Stub: Provides canned answers to calls made during the test
Spy: A stub that records information about how it was called
Mock: Pre-programmed with expectations, forming a specification of expected calls

Resources

Example

@Before
public void init() throws Exception {
    userService = Mockito.spy(userService);
    ObjectMapper mapper = new ObjectMapper();
    spyData = mapper.readValue(new File(TestConstants.DATA_FILE_ROOT + "user_spy.json"), User.class);
    Mockito.doReturn(spyData).when(userService).getUserInfo(TestConstants.userId);
}

@Test
public void verifySpyUserDetails() throws Exception {
    User user = userService.getUserInfo(TestConstants.userId);
    verify(userService).getUserInfo(TestConstants.userId);
    verify(userService, times(1)).getUserInfo(TestConstants.userId);

    Assert.assertEquals(spyData.getManager(), user.getManager());
    Assert.assertEquals(spyData.getVp(), user.getVp());
    Assert.assertEquals(spyData.getOrganization(), user.getOrganization());
    Assert.assertEquals(spyData.getDirector(), user.getDirector());
}

@After
public void cleanUp() {
    reset(userService);
}
  

Recommended Frameworks

Platform Independent Mocking Frameworks

Framework	Reasoning
JSON-Server	Simple, great for scaffolding; Follows REST conventions; Stateful
Mountebank	Allows for more than just HTTP (multi-protocol); Simple to use and configure; Large language support

GraphQL

Framework	Reasoning
GraphQL-Faker	Supports proxying existing GraphQL APIs; Simple GraphQL directive-based data mocking; Uses faker.js under the hood
GraphQL-Tools	Built-in utilities for mocking collections (MockList); Great documentation and interoperability with existing GraphQL (NodeJS) solutions

Platform Specific

Javascript

Framework	Reasoning
expect(jest)	For all generic assertions/mocking
jest-dom	For DOM assertions
supertest	For in-process test a http server
nock	For http server endpoint assertion/mocking with NodeJS

Note

For FE mocking, consider other frameworks as necessary, such as msw or mirage

Android

Framework	Reasoning
MockK (Kotlin projects)	Provides a common when this →then that mocking API in an Idiomatic Kotlin DSL; Built-in support for mocking top-level functions, extensions, static objects; Detailed documentation with examples
MockWebServer	Process local mock server; Embedded in tests, no separate mock execution; Simplistic but powerful API that can support state

iOS

iOS Approach

For iOS, we prefer using Apple test frameworks with homegrown solutions on top. This approach helps manage rapid API changes and reduces dependency on potentially discontinued third-party solutions.

Java (BE)

Framework	Reasoning
Powermock	Superset of Mockito; Provides Static mocking functionality
Mockito	Standard mocking tool; Has annotations for easy creation of many mocks at test construction

5 - Testing Best Practices

General

Recommendation	Benefits Gained
Use case-centric tests	Lower cost to maintain, confidence
TDD & BDD	Lower cost to maintain, confidence, stability
Naming conventions	Time to develop, lower cost to maintain
Testing your tests	Lower cost to maintain, confidence, stability
Follow test-type specific recommendations, shifting left on testing	Lower cost to maintain, faster speed to execute, less time to develop, confidence, stability

Use Case Coverage

One of the main points behind testing is to be able to code with confidence. Code coverage is one way developers have traditionally used to represent how confident they feel about working on a given code base. That said, how much confidence is needed will likely vary by team and the type of application being tested. E.g. if working on a life saving med tech piece of software, you probably want all of the confidence in the world. The following discusses how code coverage, if misused, can be misleading and create a false sense of confidence in the code being worked on and as a result, hurt quality. Recommendations on how to manage code coverage in a constructive way will be presented, along with concrete approaches on how to implement them.
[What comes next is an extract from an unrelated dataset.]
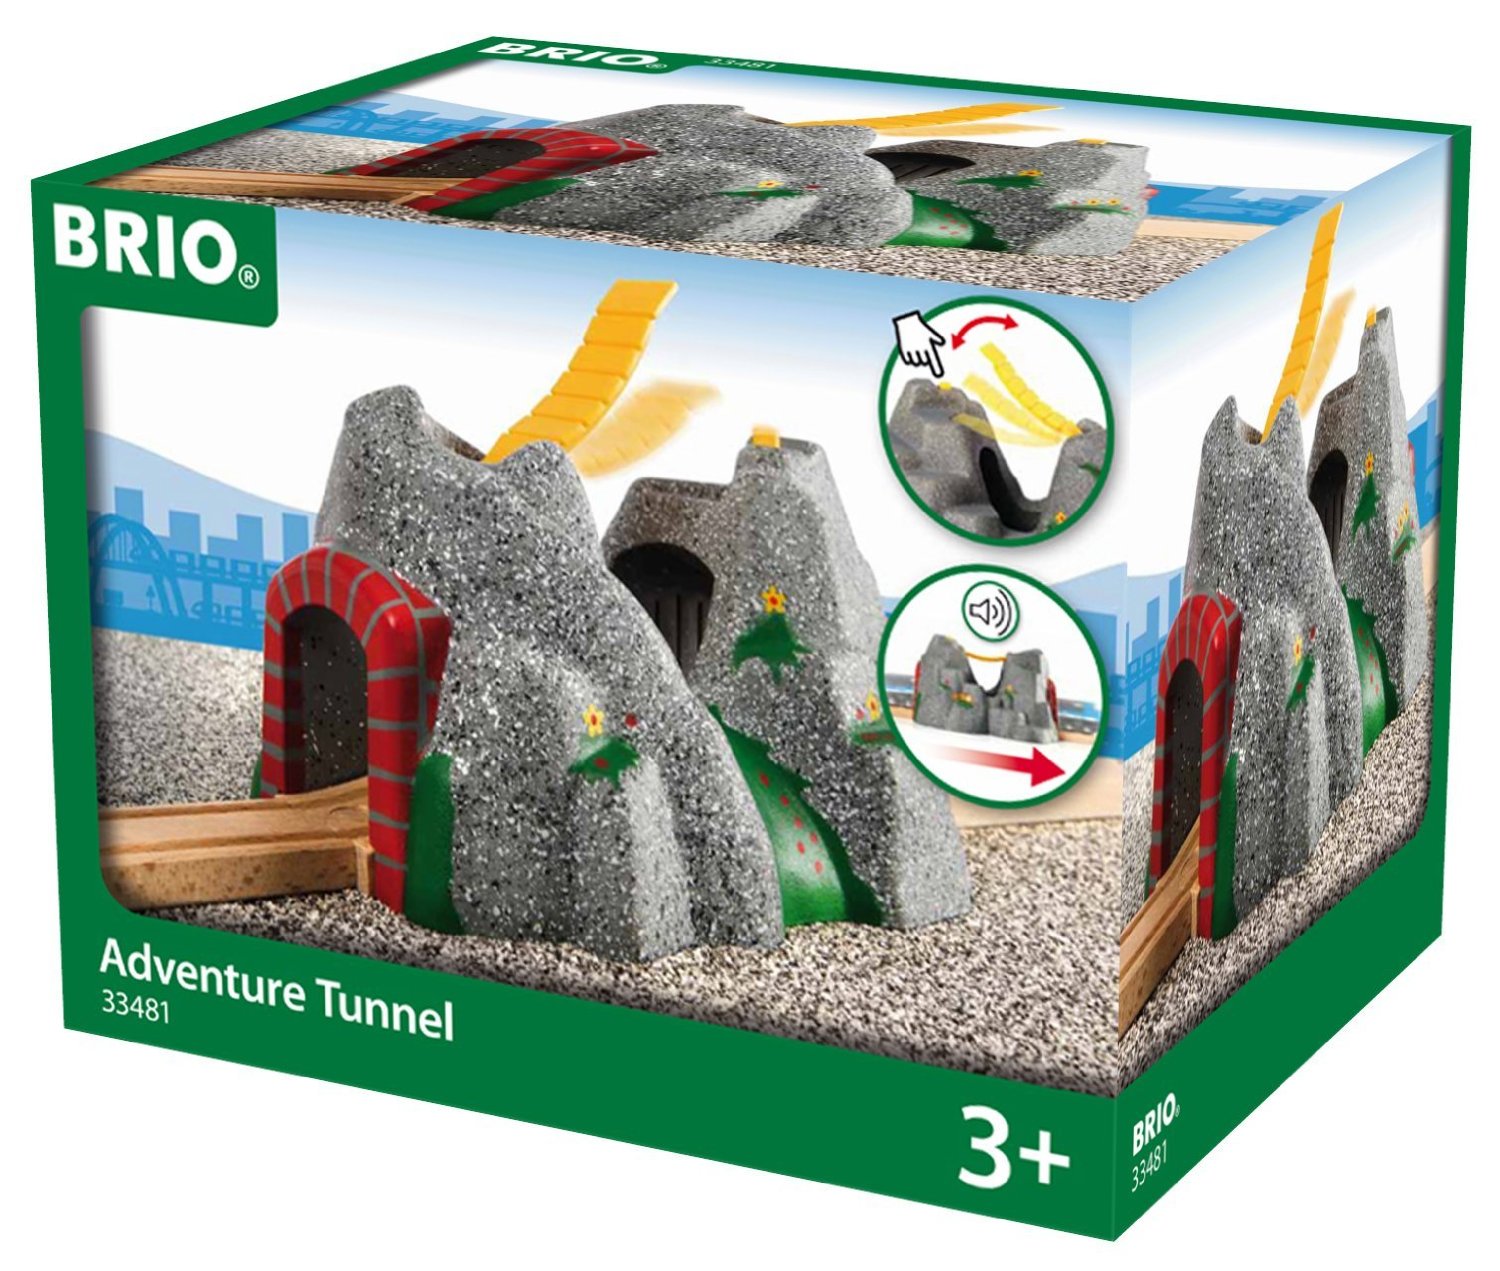 Brio Adventure Tunnel (33481)

In simple terms, coverage refers to a measurement of how much of your code is executed while tests are running. As such, it’s entirely possible achieve 100% coverage by running through your code without really testing for anything, which is what opens the door for coverage having the potential of hurting quality if you don’t follow best practices around it. A recommended practice is to look at coverage from the perspective of the set of valid use cases supported by your code. For this, you would follow an approach similar to what follows:

Start writing code and writing tests to cover for the use cases you’re supporting with your code.
Refine this by going over the tests and making sure valid edge cases and alternative scenarios are covered as well.
When done, look at your code’s coverage report and identify gaps in your testing
For each gap, decide if the benefit of covering it (odds of it failing and impact if it does) outweighs the cost (how complicated / time consuming would it be to cover it)
Write more tests where appropriate

This practices shifts the value of coverage from being a representation of your code’s quality to it being a tool for finding untested parts of your code. When looking at coverage through this lens, you might also uncover parts of the code with low coverage because it’s not supporting a valid use case. We recommend tests are not written for this, instead this code should be removed from the code base if at all possible.

You might ask yourself “How do I know I have good coverage? What’s the magic number?”. We believe there’s no magic number, as it’ll all depend on your teams’ needs. If you are writing tests for the use cases you build into your application, your team feels very confident when modifying the code base, and you’re post-production error rate is very low, your coverage is probably fine, whatever the numbers say. In the end, forcing a coverage percentage is known to have the potential of hurting your quality. By chasing after every single code path, you can very well end up missing the use cases that if gone wrong, will hurt the most. Another consideration is the false sense of confidence you can get by high coverage numbers obtained by “gaming the system”, or as Martin Fowler said, “The trouble is that high coverage numbers are too easy to reach with low quality testing” (Fowler, 2012). We do recognize there is such a thing as too little coverage. If your coverage is very low (e.g. < 50%) there might be something off, like having a ton of unnecessary code you might want to get rid of, or your tests just not hitting all the critical use cases in your application. There are methods you can employ to make sure there are no instances of “gaming the system” in your test code. One of these is to create linting rules that look for these practices and fail the build when it finds them. We recommend using plugins like eslint-plugin-jest to make sure things like not expecting (asserting) or disabling of tests cause the build to break.

{
  "rules": {
    "jest/no-disabled-tests": "warn",
    "jest/expect-expect": "error",
    "jest/no-commented-out-tests": "error",
    "jest/valid-describe": "warn",
    "jest/valid-expect": "error"
  }
}

Another recommendation when managing your code coverage is to track when it goes down. Generally it shouldn’t and if / when it does, it should be explainable and trigger a build failure. Along this same line, raising the bar whenever coverage is increased is a good practice as it ensures the level of coverage in other areas is maintained as they were. We recommend automating this so that whenever your coverage percentage increases, so do your minimum thresholds. Once you have reached a certain level of coverage through the methods discussed above (e.g. covering for use cases, taking care of valid edge cases when appropriate, etc) we don’t recommend you actively work on increasing your code coverage percentages. Instead, the way we recommend coverage to go up is as a side effect of building good software. This means that, as you increase your delivery frequency while monitoring your key stability metrics (e.g post-production defects, performance or service degradations, etc) you should see your code coverage increase.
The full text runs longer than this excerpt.